En suma, todo da la impresión de que el presidente de la república es un pobre tipo víctima de la mala voluntad de todos. Pobre. A mí me da lástima. No por él. Sino por el lustro perdido.
Pero sería indebido cargar sobre los hombros del actual mandatario la responsabilidad del estado general de la política, no solo en Uruguay, no solo en el Mercosur, sino podríamos decir en el mundo entero, mundo en el que vale más el atuendo, que lo que propone hacer el postulante a gobernar. ¿O acaso no es muestra suficiente de este deterioro la entrada al Palacio del Eliseo de la modelo y cantante Carla Bruni? Ni siquiera un país que podía presumir de tener una tradición política intelectual y de discusión de ideas, ha podido evitar la frivolidad que impera en el globo.
Posiblemente queriendo ir en contra de esa frivolidad, el Sr. Mujica buscó trasgredir los estereotipos del gobernante tipo y decidió no usar corbatas, usar zapatos zaparrastrosos o no cortarse las uñas de los pies antes de mostrarlas. Ese pretendido intento de desafiar las formas, hubiera sido loable si hubiera estado lleno de contenido, si en lugar del gobernantes típico hubiéramos tenido un tipo desprolijo, tal vez, pero al menos capaz.
Marchionne no usa corbata, pero es Marchionne.
Y así, casi sin quererlo pero con todas las intenciones, llegamos a la situación actual del mapa político francés.
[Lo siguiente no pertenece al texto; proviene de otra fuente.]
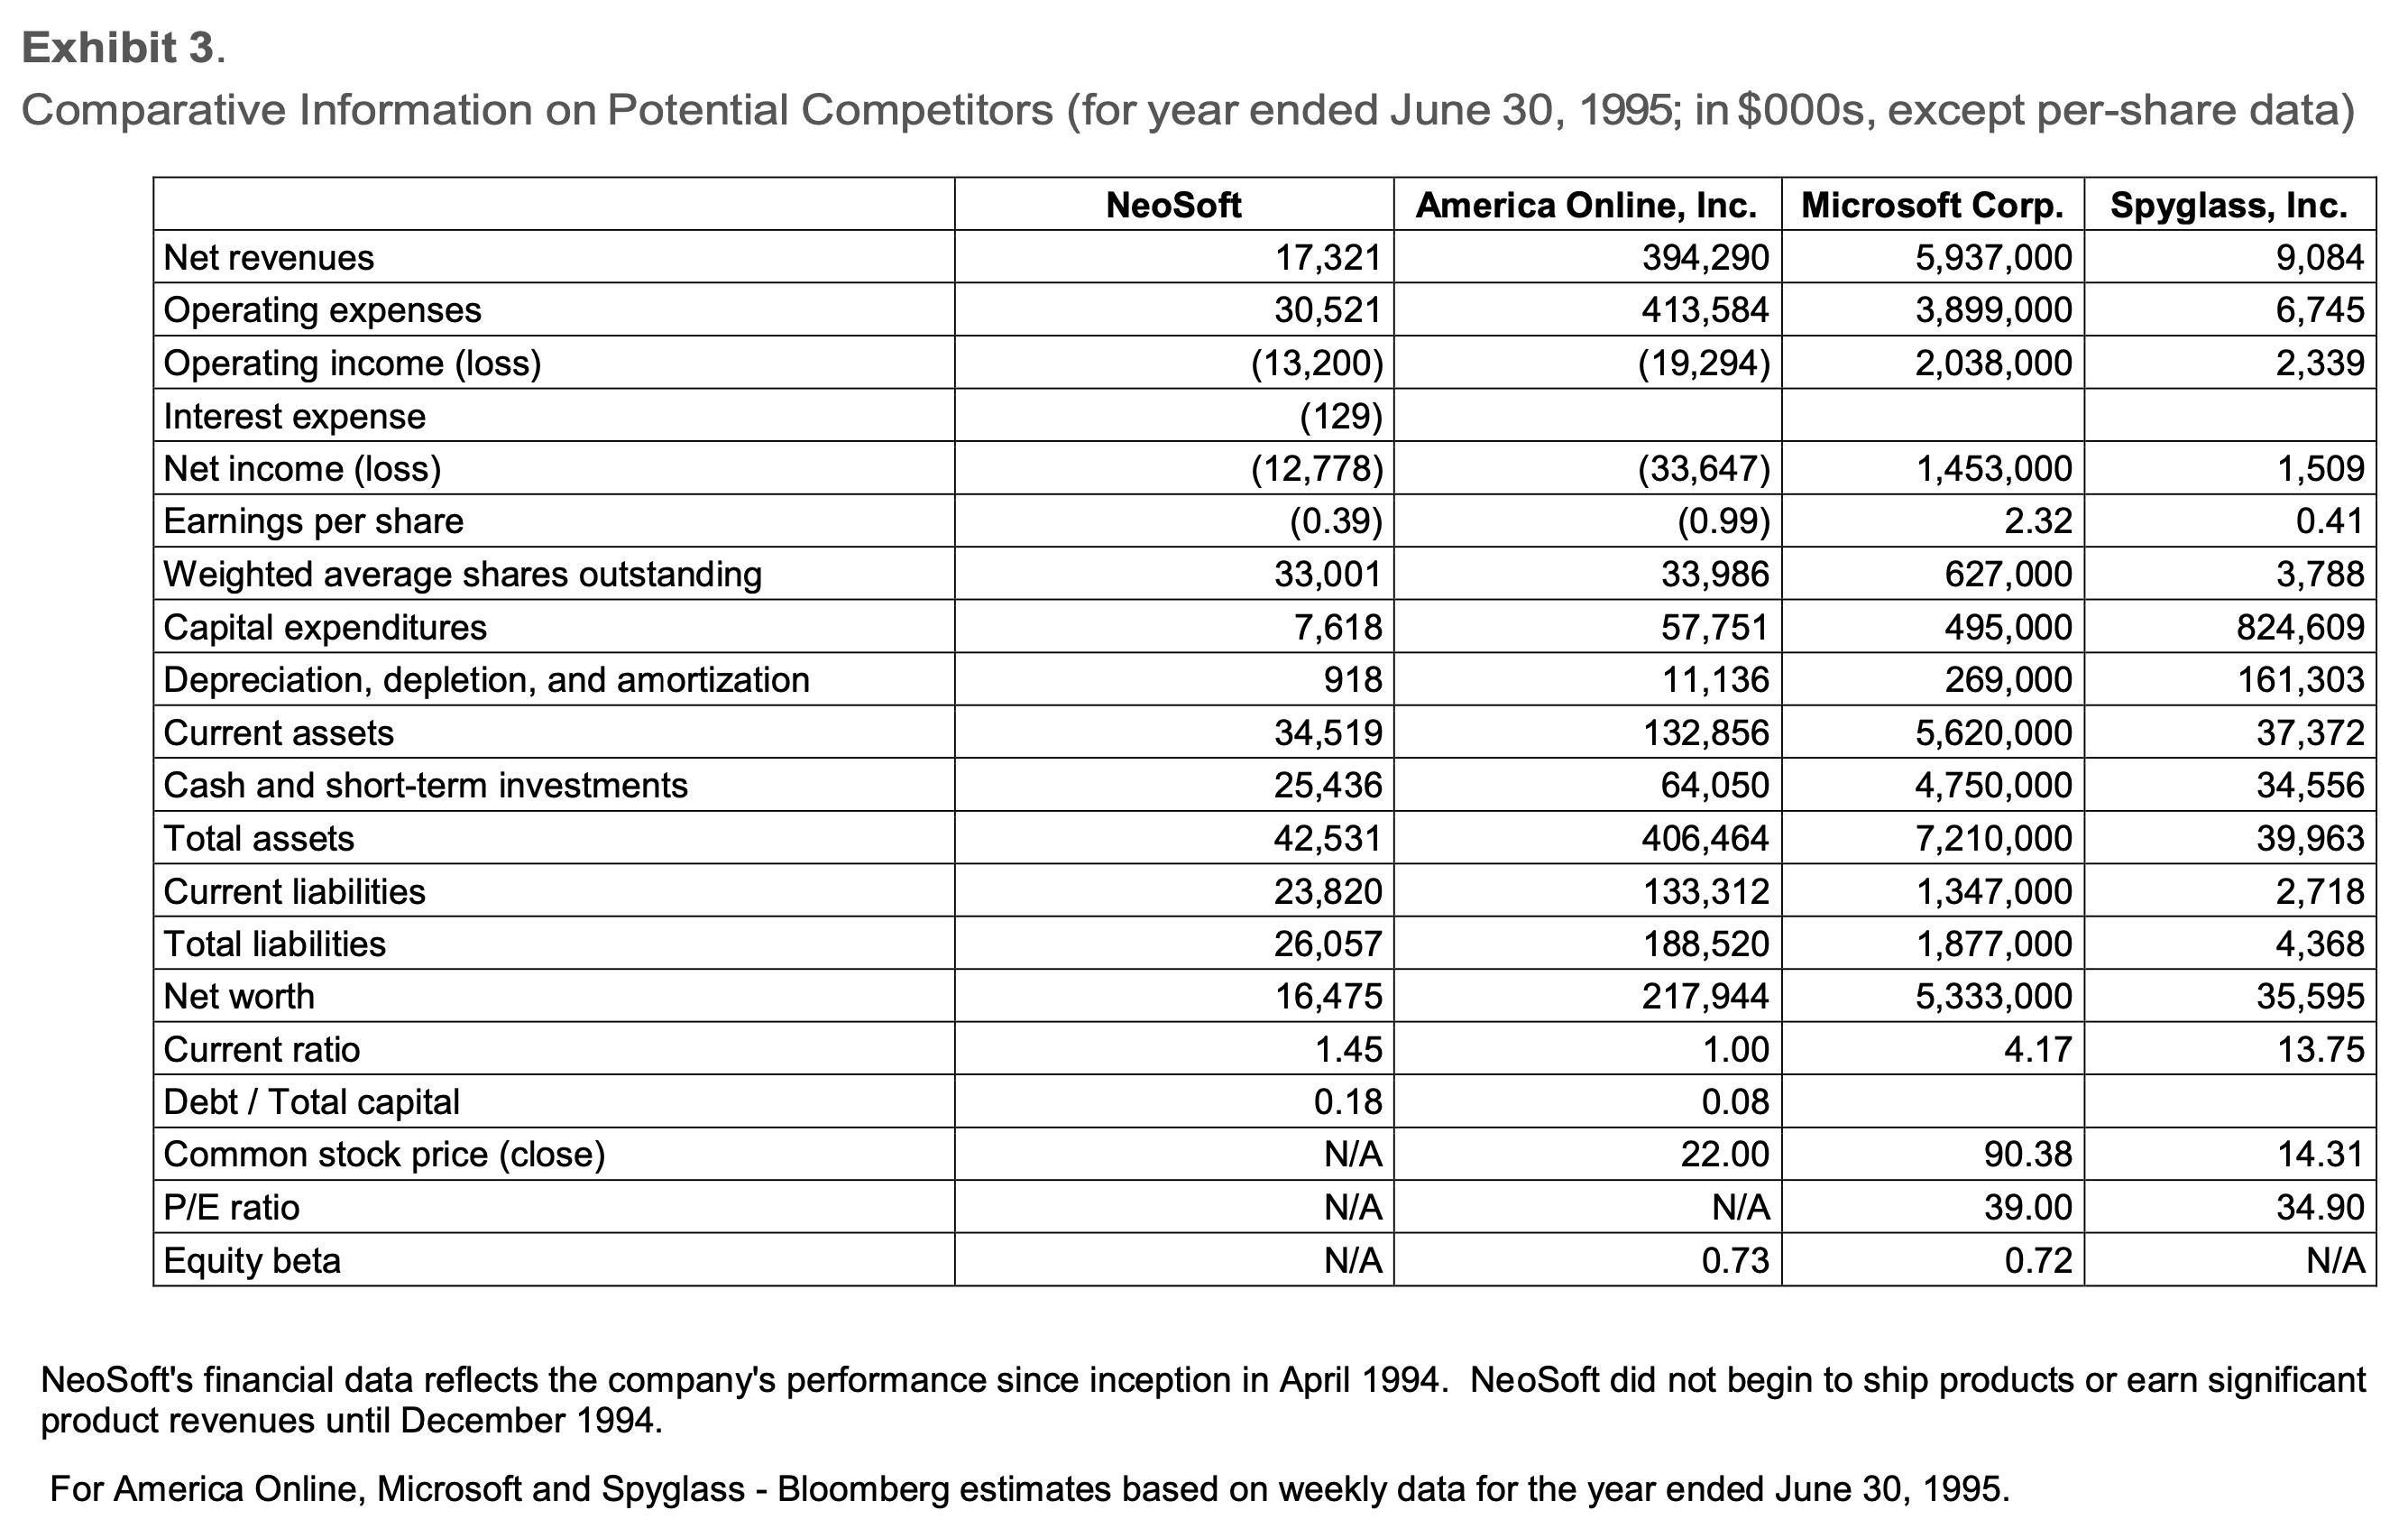 Exhibit 3. Comparative Information on Potential Competitors (for year ended June 30, 1995; in $000s, except per-share data) A

Publica Diario El País deEspaña lo siguiente:
El partido Socialista francés (PS) ha ganado la segunda vuelta de las elecciones cantonales, celebradas este domingo, con un 36,3% de los votos, según datos oficiales, aún provisionales. La Unión por un Movimiento Popular (UMP), la formación de centro derecha de Nicolas Sarkozy, con 19,7% se queda en un segundo lugar. El ultraderechista Frente Nacional, con un 11,3% alcanza la tercera posición y se instala definitivamente en la vida política francesa a 13 meses de las cruciales elecciones generales. Además, este porcentaje es algo engañoso: al tratarse de una segunda vuelta, esta formación ultraderechista sólo se presentaba en uno de cada cuatro cantones en liza. Es decir, su proyección de voto, a nivel estatal, es, muy probablemente, más amplia. Un dato importante es una abstención récord del 54%, que se explica (…) según los analistas, al desengaño y al hartazgo de los franceses respecto de su clase política.
(el destacado es mio).
No es Francia una isla aislada de los procesos que se llevan a cabo en el resto del mundo, sino que por estos momentos, al estar viviendo las instancias donde se le toma la temperatura al espectro político del país, es el ejemplo más fresco.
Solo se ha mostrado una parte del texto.